My point is that many non-religious types find beauty in the natural world, joy from watching their children grow up, are law abiding and do good in the community. They also explore that big question -- where did all this come from? --they just do so through different means than most religious persons. Side note: It gets really fascinating when you find a religious scientist that blends their faith with their religion! (sometimes in a good way and sometimes in a very muddled way)

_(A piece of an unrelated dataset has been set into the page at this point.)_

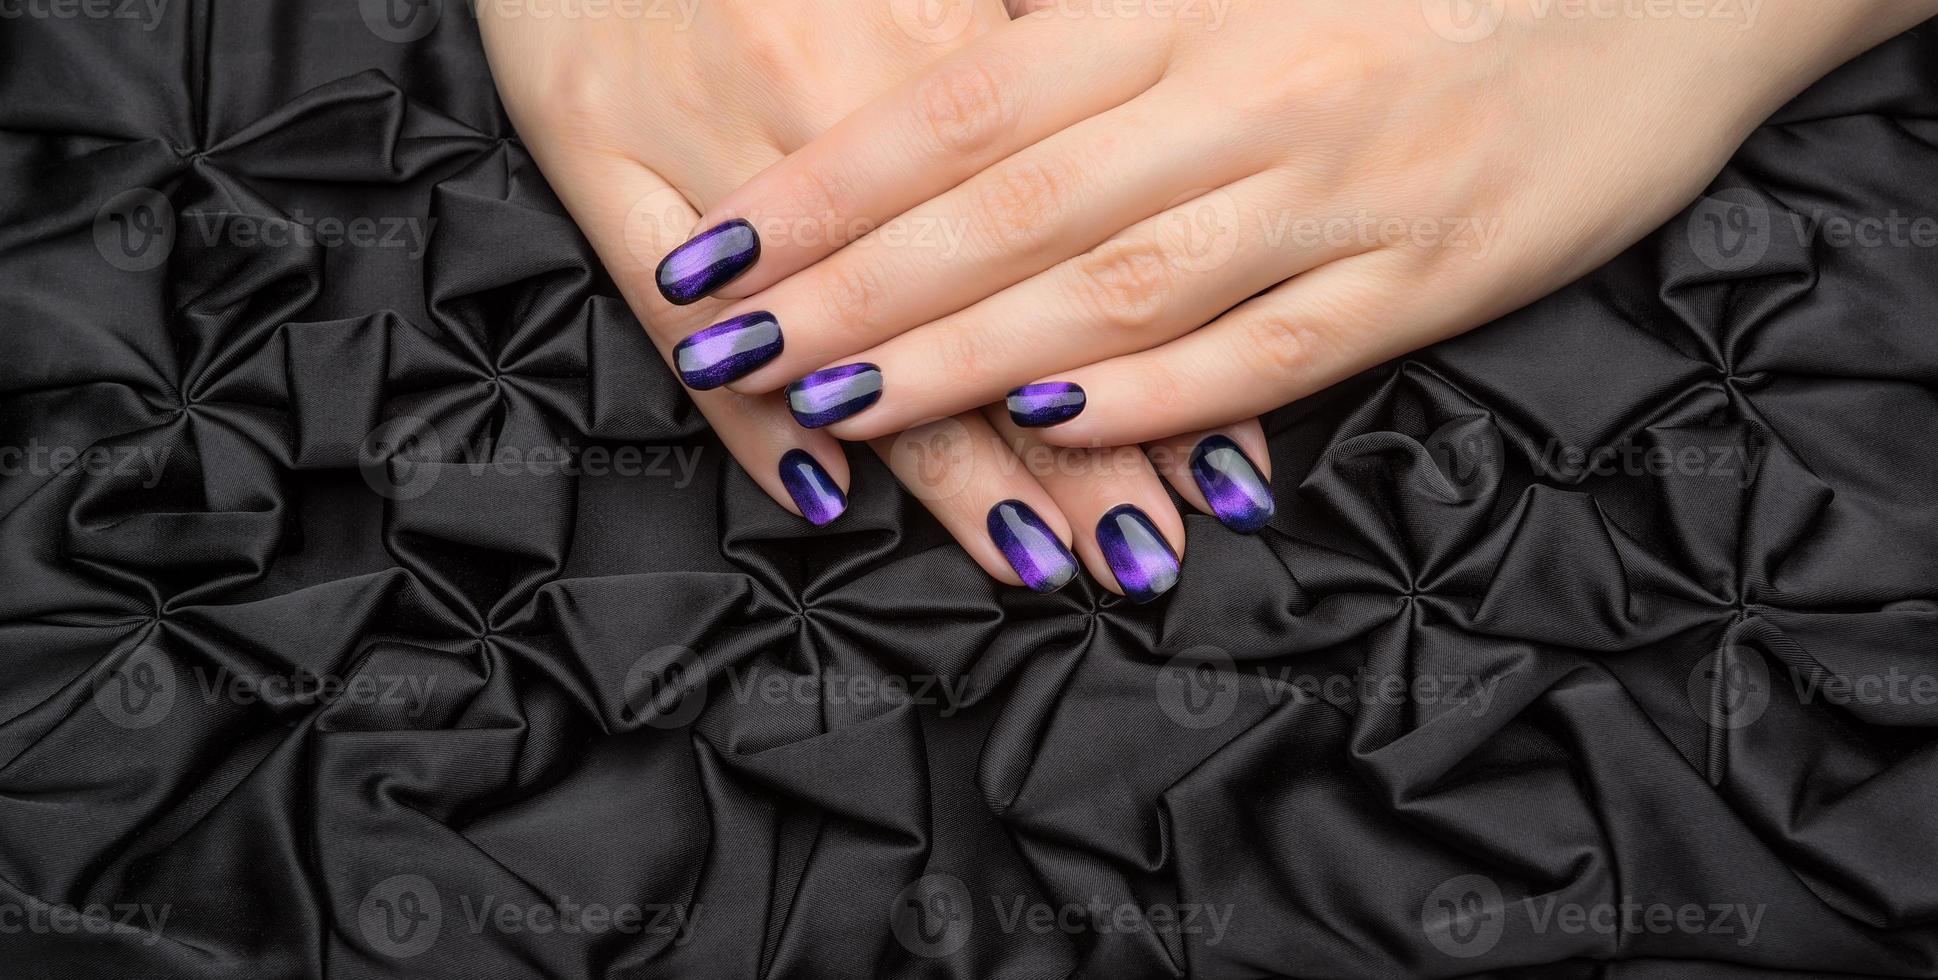 Beautiful woman's nails with nice stylish manicure. photo

Those interested in reading one view might want to skim this article. While I don't agree with everything Cline says, he still makes some good points.
"If someone brings it up, it is because their belief in a god is, at least in part, predicated upon the idea that their god provides meaning and purpose to their lives. This is not a bad thing — the problem lies in the fact that they cannot imagine that anyone's life can have meaning and purpose unless it happens on the same terms as their life."
Perhaps science fiction is a safe place to bridge the gap between science and religion? An example might be the original humanist Star Trek vs. the more religious Star Trek: The Next Generation. Examples like that are perfect for some constructive and educational discussions.

One last note: in a previous class it was suggested that atheism is a religion. I would gently point out that most atheists do not agree with that idea.
"Atheism is a disbelief, not a philosophy. My disbelief in the Tooth Fairy is not a philosophy of life - is it for anyone else? Furthermore, a philosophy of life is not necessarily a religion and it doesn't necessitate that a religious belief exists in the person with the philosophy."
There are, however, many atheists who do adhere to some sort of non-religious philosophy.

Whatever you do think, I can say that I've followed both sides of this topic long enough to personally think classes like this one are more of what is needed. All too often people never sit down to discuss these things. At the end of the day the regligious, non-religious, and science fiction fan all have much in common.